Staffing budget essentials: Living wage increases, SSP rebate scheme and calculating holiday pay
6 January 2022
With many charities resorting to pay freezes, or even pay reductions, to help them weather the pandemic, finance leaders will be turning their attention to staffing budgets for the year ahead. We consider the recent changes to pay and holidays which employers should be aware of.
Statutory pay and National Insurance increases
The usual swathe of statutory pay increases are due to come into force in April 2022, with the National Living Wage set to increase by 6.6% to £9.50 per hour for workers aged 23 and over. The largest percentage increase is to the apprentice rate, which will increase by 11.9% to £4.81. Full details of the national minimum wage rates are available here. These increases will be accompanied by the increases to statutory pay rates including sick pay and family friendly pay, which are yet to be announced.
The social care levy is due to be introduced in April via an increase in National Insurance contributions of 1.25%. This will place some additional pressure on employees' wages, with the average basic rate tax payer paying an additional £180 in National Insurance contributions and the average higher rate tax payer paying an additional £715. This change will be in place for the 2022/2023 tax year before being replaced by a new, separate levy.
Statutory sick pay and Covid-19
It is expected that the requirement to pay statutory sick pay from day 1 of absence where an employee is absent for Covid-related reasons will continue for the time being,
There is some good news for employers, however, in the form of the Covid-19 statutory sick pay rebate scheme being reintroduced from mid-January.

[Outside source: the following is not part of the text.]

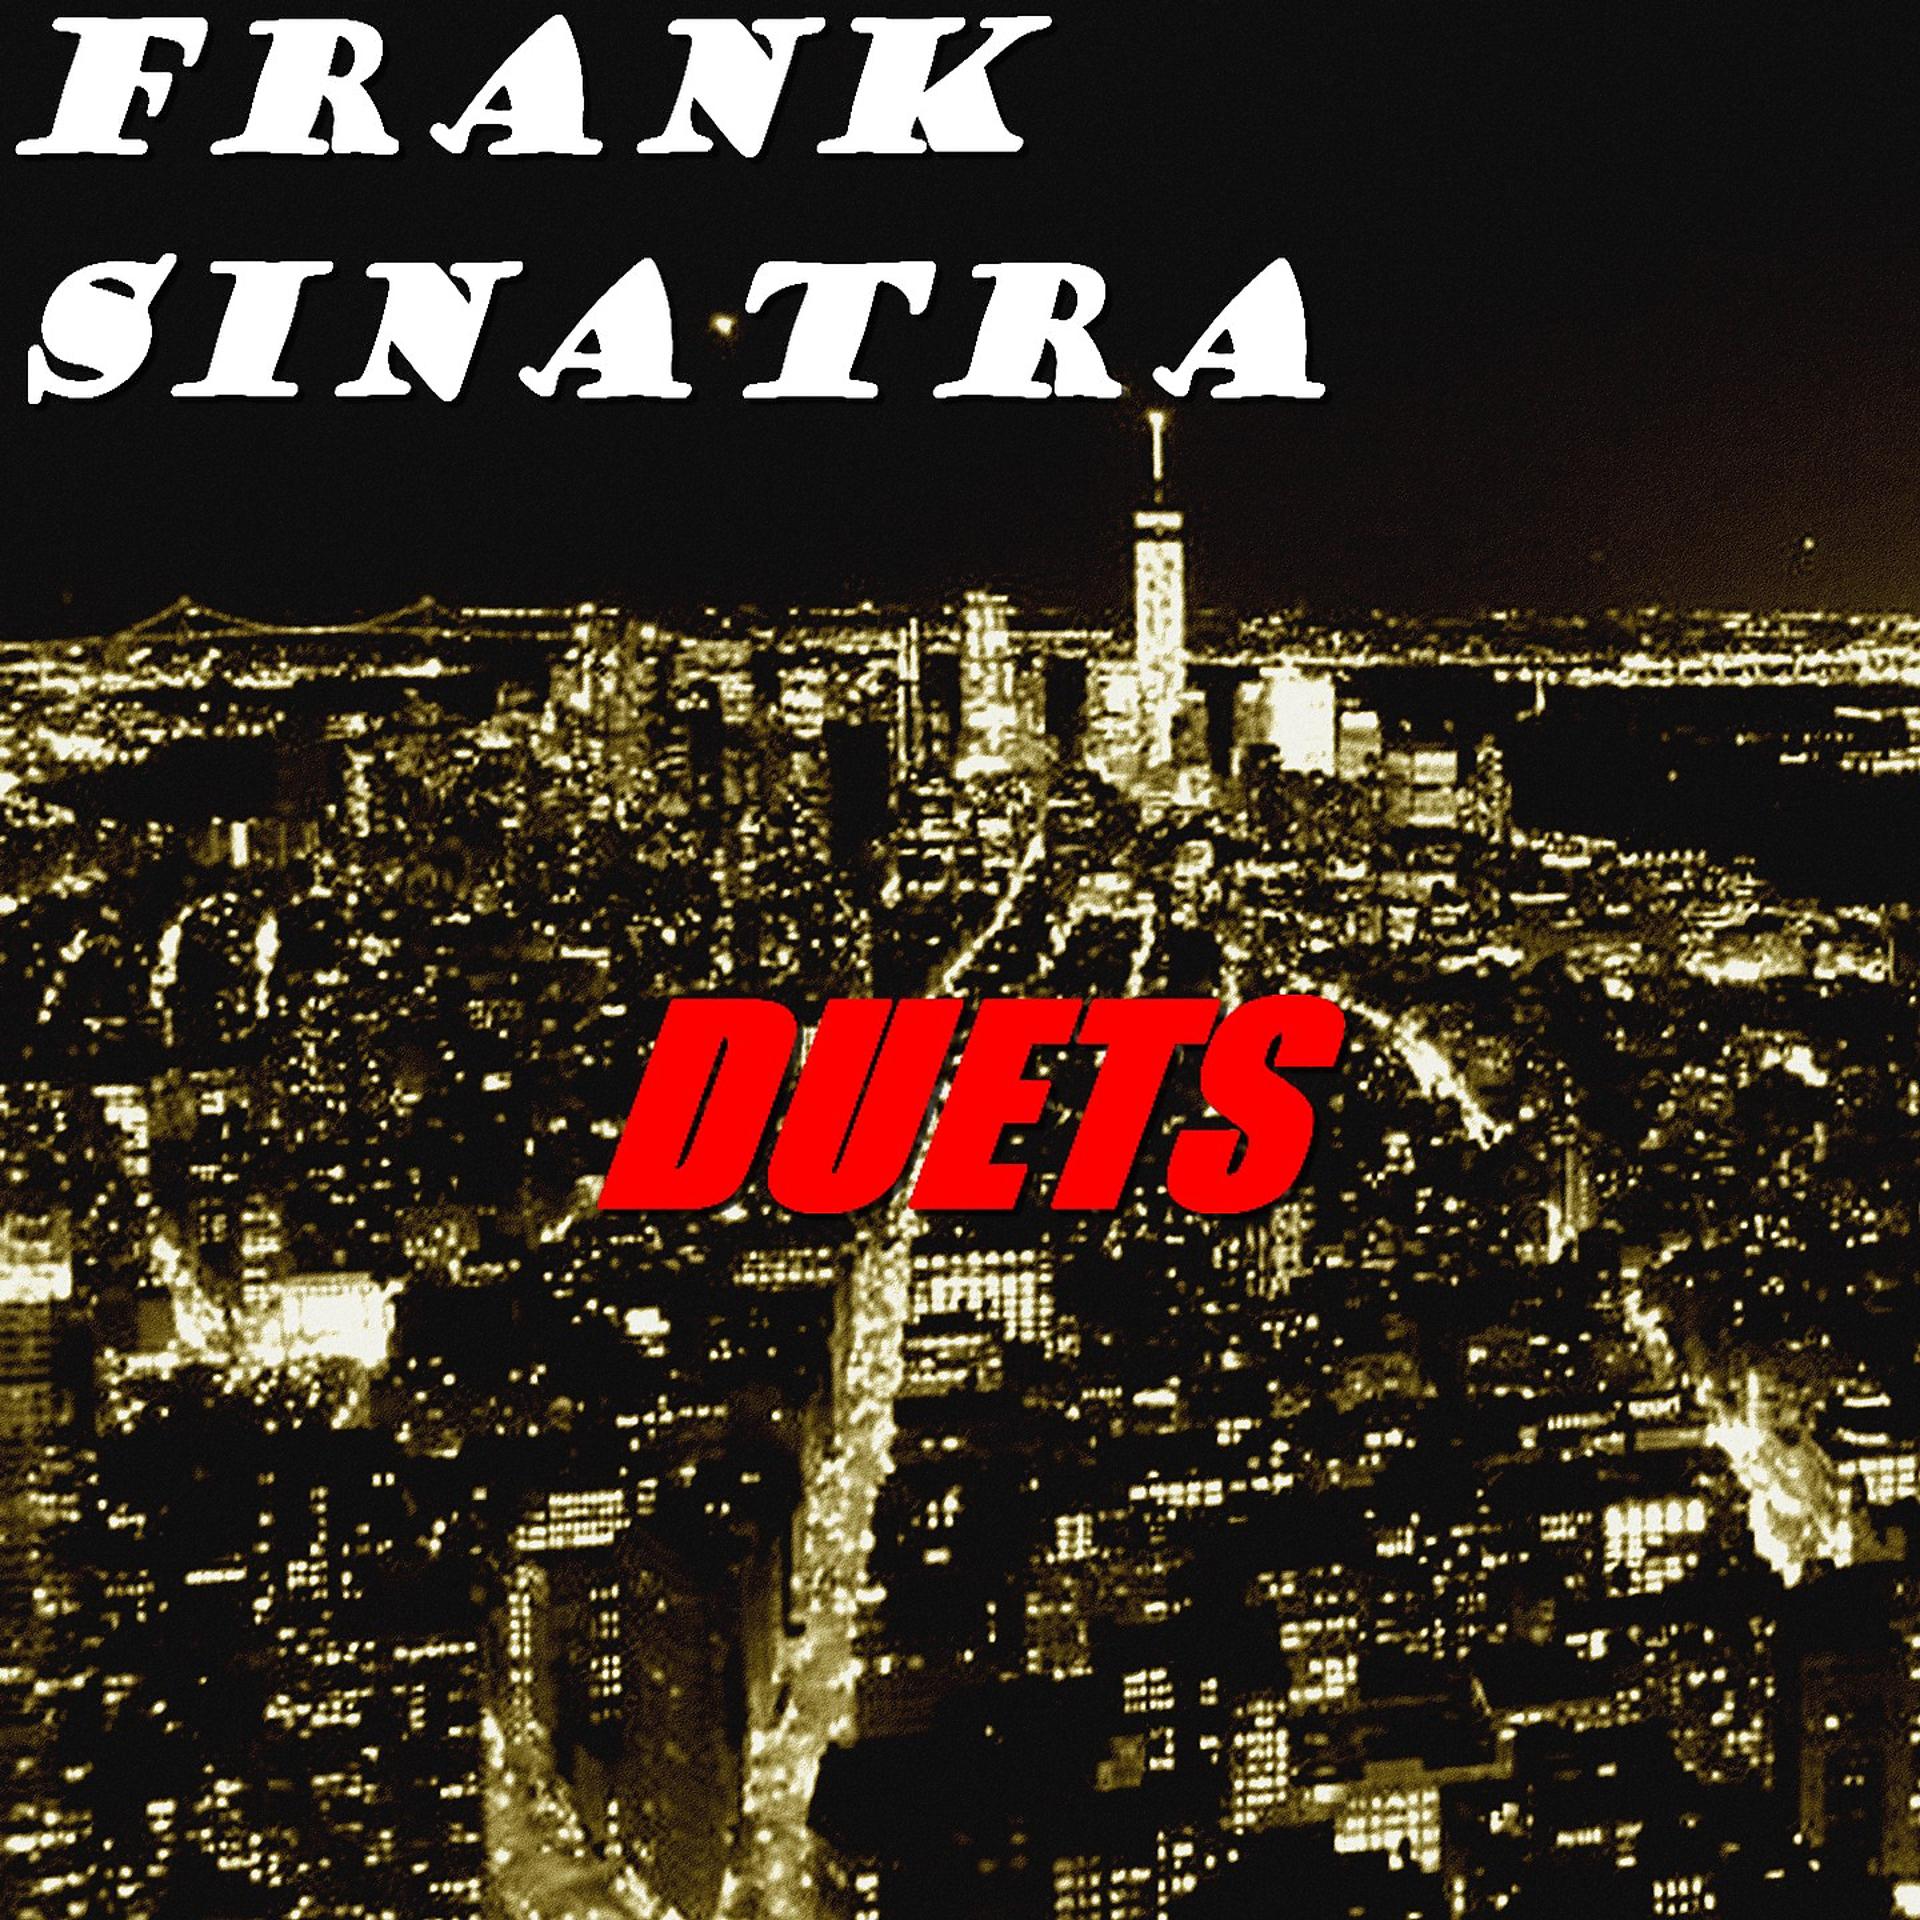 Фрэнк треки. Frank Sinatra "Duets". Frank Sinatra - the Birth of the Blues. Frank Sinatra - best of Duets. Sinatra and Louis Armstrong Birth of the Blues.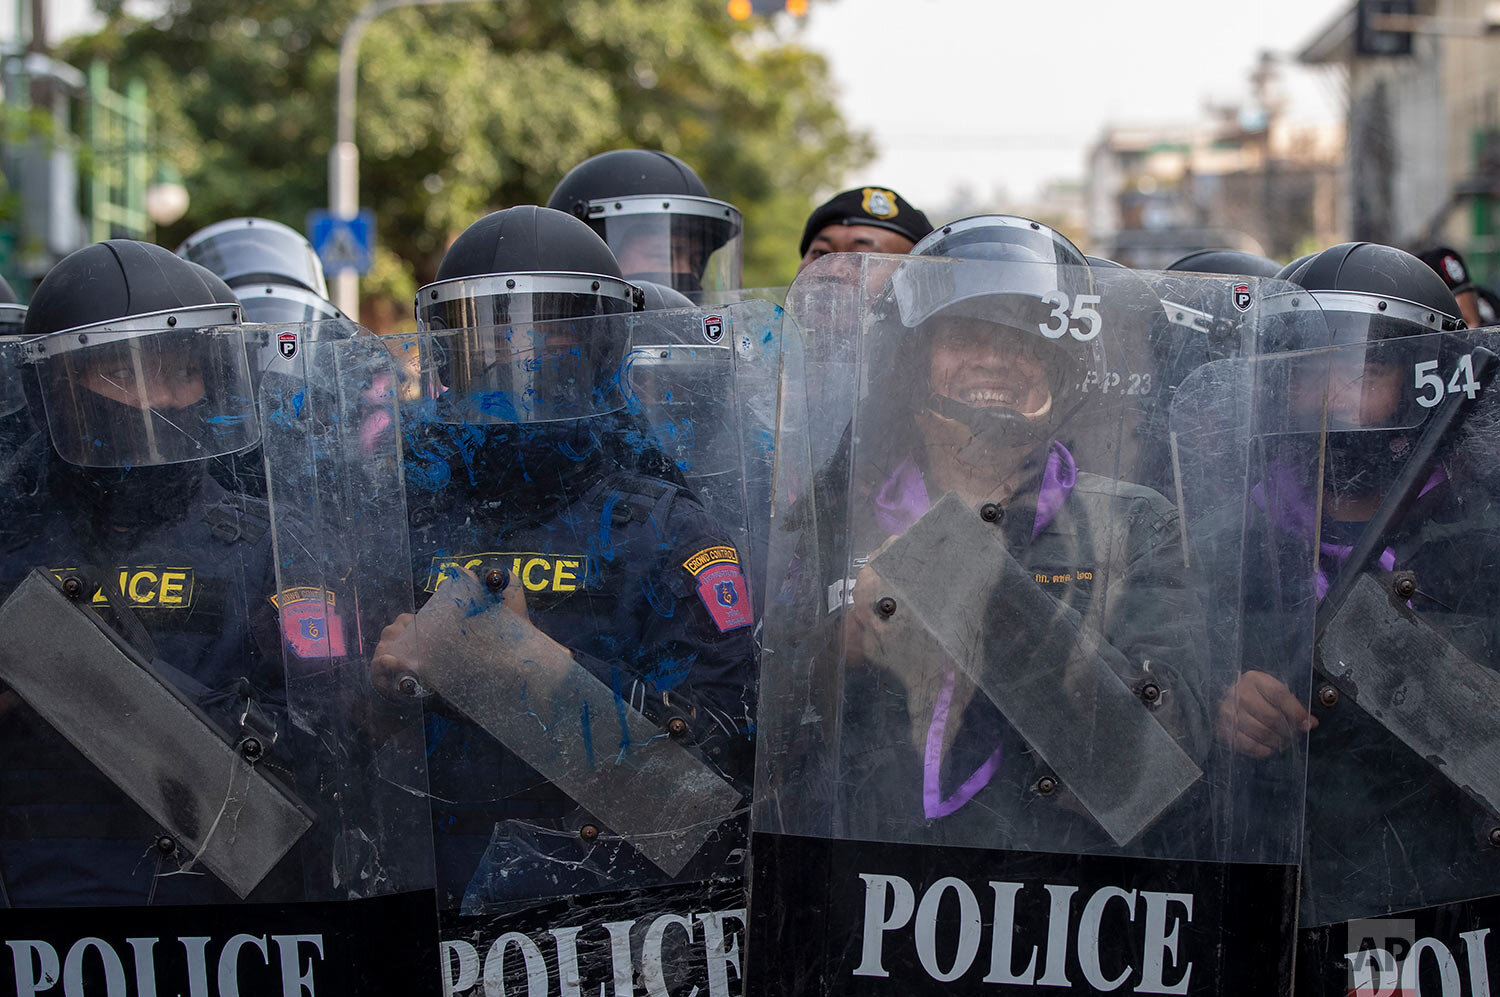  Police in riot gear stand guard as they face pro-democracy protesters during a rally Thursday, Dec. 10, 2020 in Bangkok, Thailand.  (AP Photo/Gemunu Amarasinghe)

The scheme previously allowed employers with fewer than 250 employees to claim back up to 2 weeks' of SSP for each employee who was eligible to be paid sick pay due to Covid-19. Further information is expected to be published here shortly.
Holiday pay and bank holidays
There will be an additional public holiday this year, on Friday 3 June, to mark the Queen's platinum jubilee. The late May bank holiday has also been moved to Thursday 2 June for a 4-day weekend. Whether employers are required to give staff this additional day off will depend on the drafting of their employment contracts. These should be checked in advance so that employers can notify staff if they are required to use a day's holiday for the additional bank holiday.
There have been some changes to holiday pay in the last few years which may have been overshadowed by disruption caused by the pandemic:
- Holiday pay for workers with variable hours or regular hours but variable pay (for example, if they are paid different hourly rates depending on when they work) should be calculated on the basis of their earnings over the 52 weeks prior to their holiday.
- Holiday pay for those working during term-time only should also be calculated on the basis of the previous 52 weeks' earnings. Previous common practice of calculating casual workers' holiday pay on the basis of 12.07% of hours worked should no longer be used. The case which established this change is due to be heard by the Supreme Court this year, which may offer more clarity on calculating holiday pay generally.
- To complicate matters further, the payments that should be included as 'earnings' differ depending on workers' working arrangements:
- For workers with no normal working hours, overtime and commission payments should be included as earnings.
- For workers with normal working hours, earnings should be based on their basic salary, disregarding any overtime hours with the exception of any overtime which is guaranteed by the employer and is compulsory for the worker to complete. Commission and bonuses should be included as earnings where these form part of the worker's entitlement for working their normal hours or if pay varies with the amount of work done. Where a worker has normal working hours but their basic pay varies, earnings will be calculated on the basis of their average pay over the previous 52 weeks.
Employers should take this opportunity to check that their current practices are in line with these requirements.